Throughout the past decades, annonaceous plants have been of particular interest to the natural product community because of their therapeutic value and their richness in isoquinoline alkaloids. Taking advantage from our laboratory historical collection of these compounds, a MS/MS database of 322 isoquinolines and other metabolites from Annonaceae was implemented and named IQAMDB. The present report describes the dereplication of known alkaloids from stem barks of Greenwayodendron suaveolens (Engl. & Diels) Verdc. leveraging IQAMDB-informed feature-based molecular networking further refined by in silico annotation and taxonomic weighting. This strategy annotated over 30 compounds and streamlined the isolation of three sesquiterpene indole alkaloids (SIA) (1–3).
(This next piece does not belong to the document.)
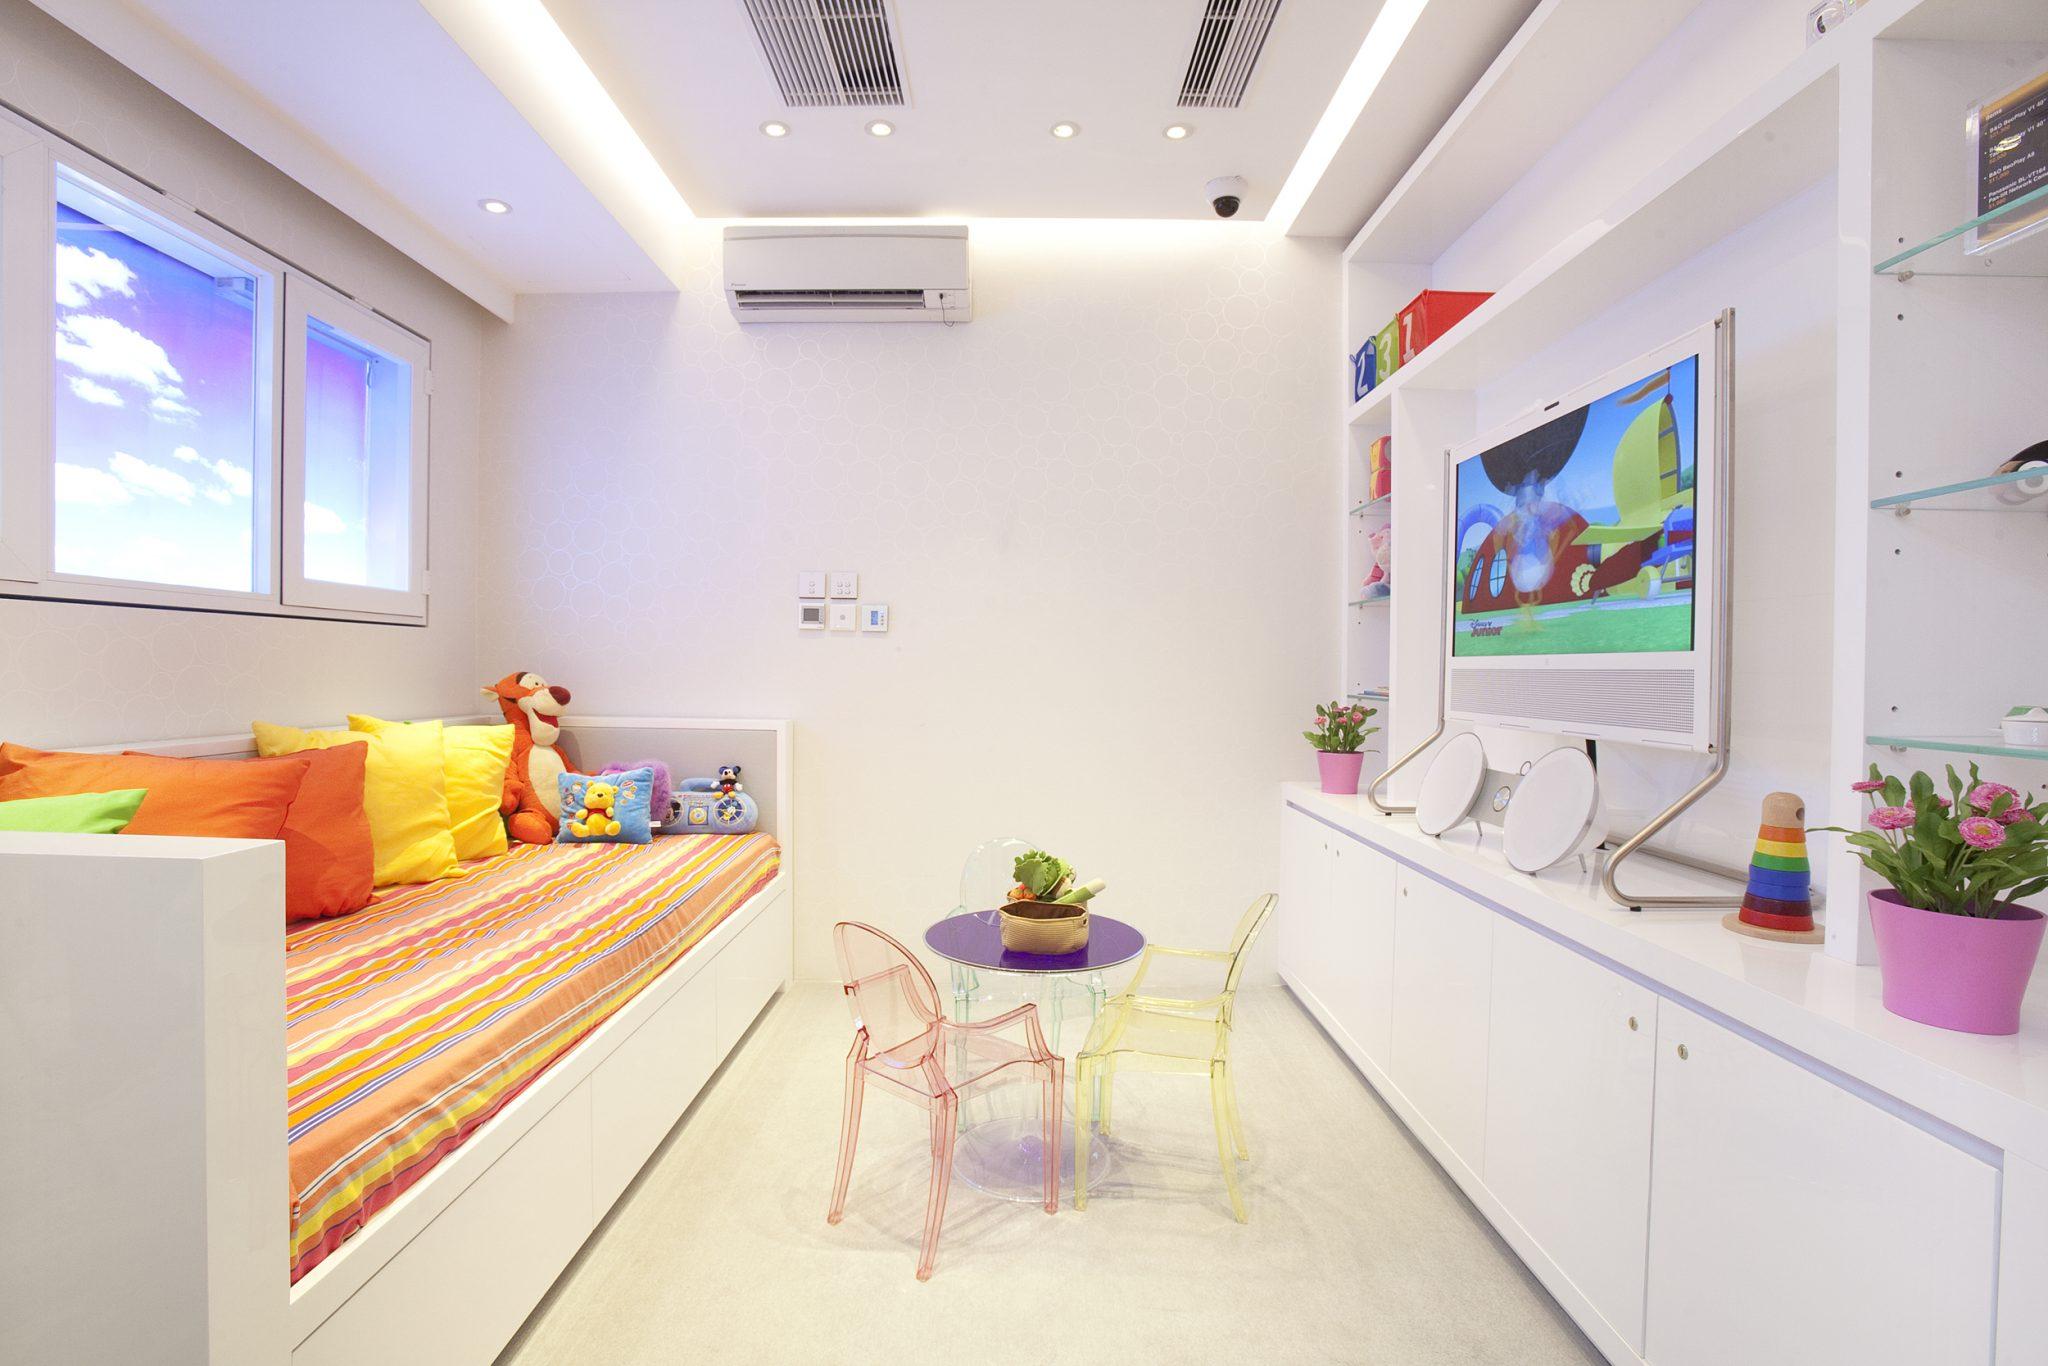 pccw hkt signature store central clifton leung design workshop. Black Bedroom Furniture Sets. Home Design Ideas
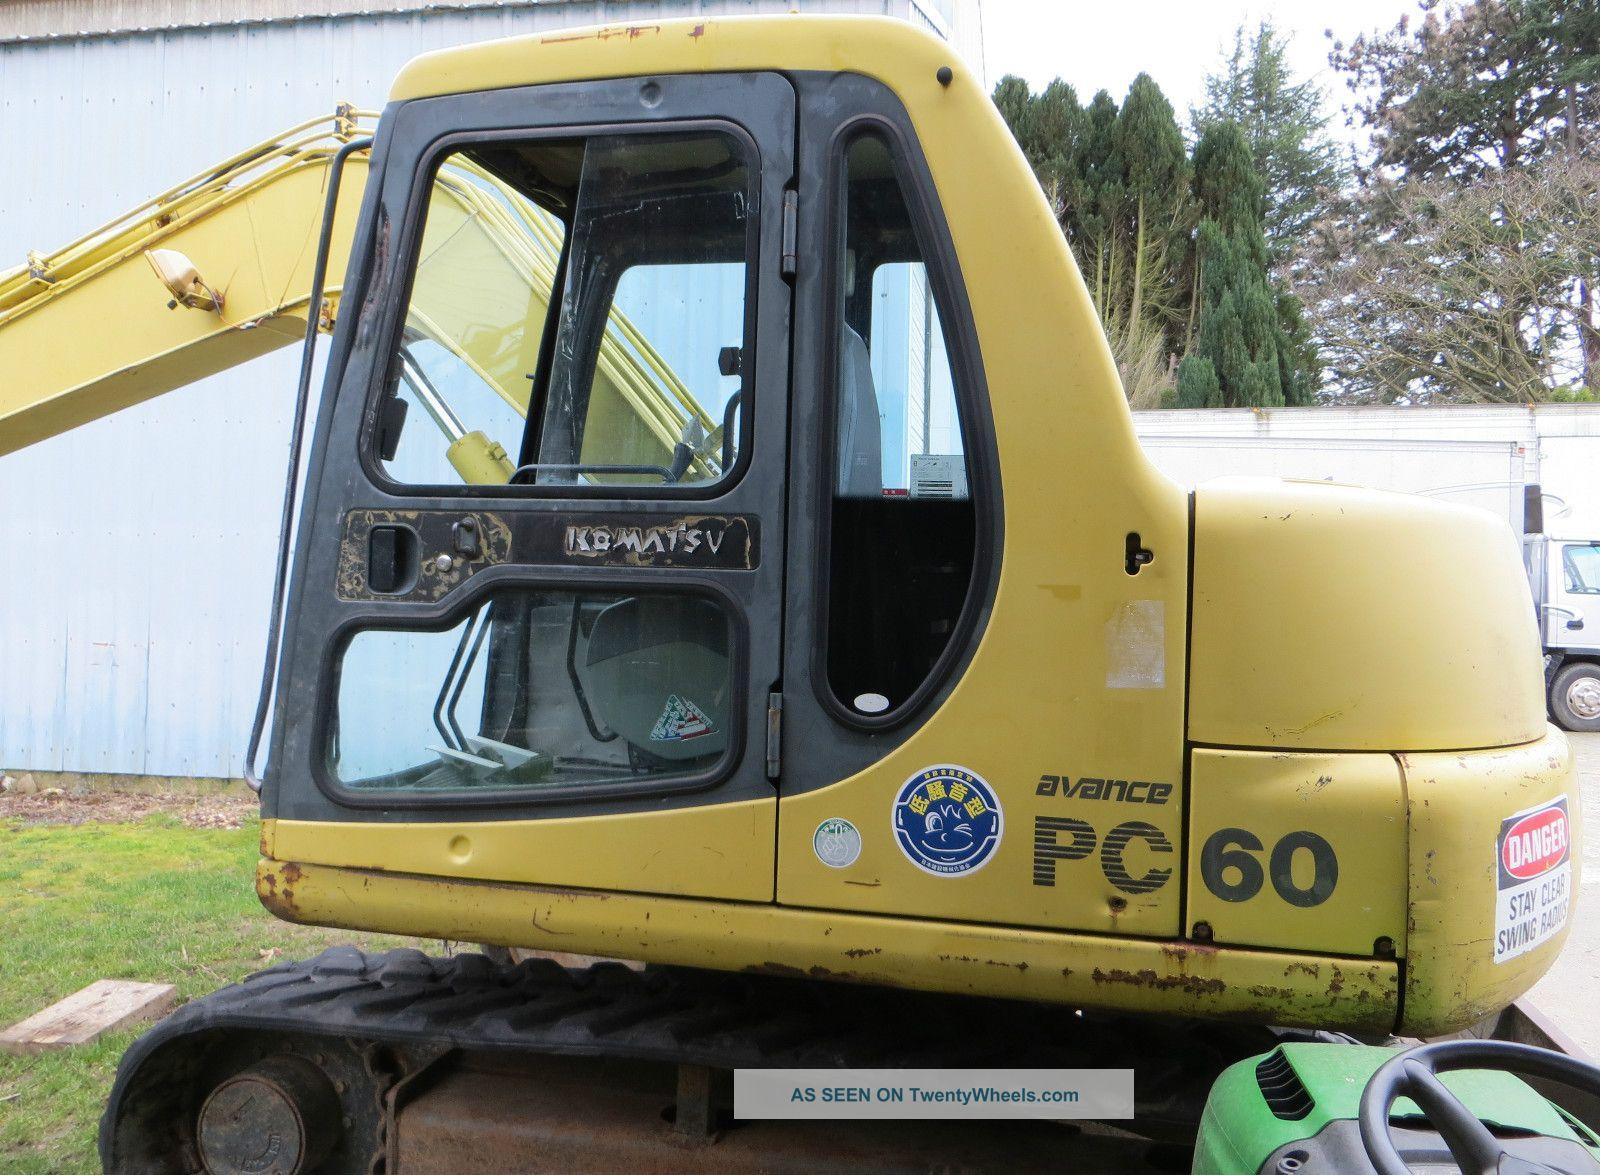 Komatsu Pc 60 Rubber Trac Excavators photo

Structure elucidation and absolute configuration assignment by a combination of NMR, TDDFT-ECD or X-ray diffraction determined these compounds to be greenwaylactam D (1) and greenwaylactam E (2), previously undescribed Witkop-Winterfeldt oxidized diastereoisomers of the previously reported greenwaylactam A, and polyveodrine (3), that discloses an unprecedented relative configuration for a SIA. The isolated compounds were evaluated for their antibacterial and antifungal activities against Staphylococcus aureus, Pseudomonas aeruginosa, Candida albicans, Mycobacterium marinum as well as their antiviral activity against Zika virus. Polyveodrine exhibited moderate antimycobacterial activity against M. marinum, whereas greenwaylactam D (1) demonstrated moderate antiviral activity against Zika virus under non-cytotoxic concentrations.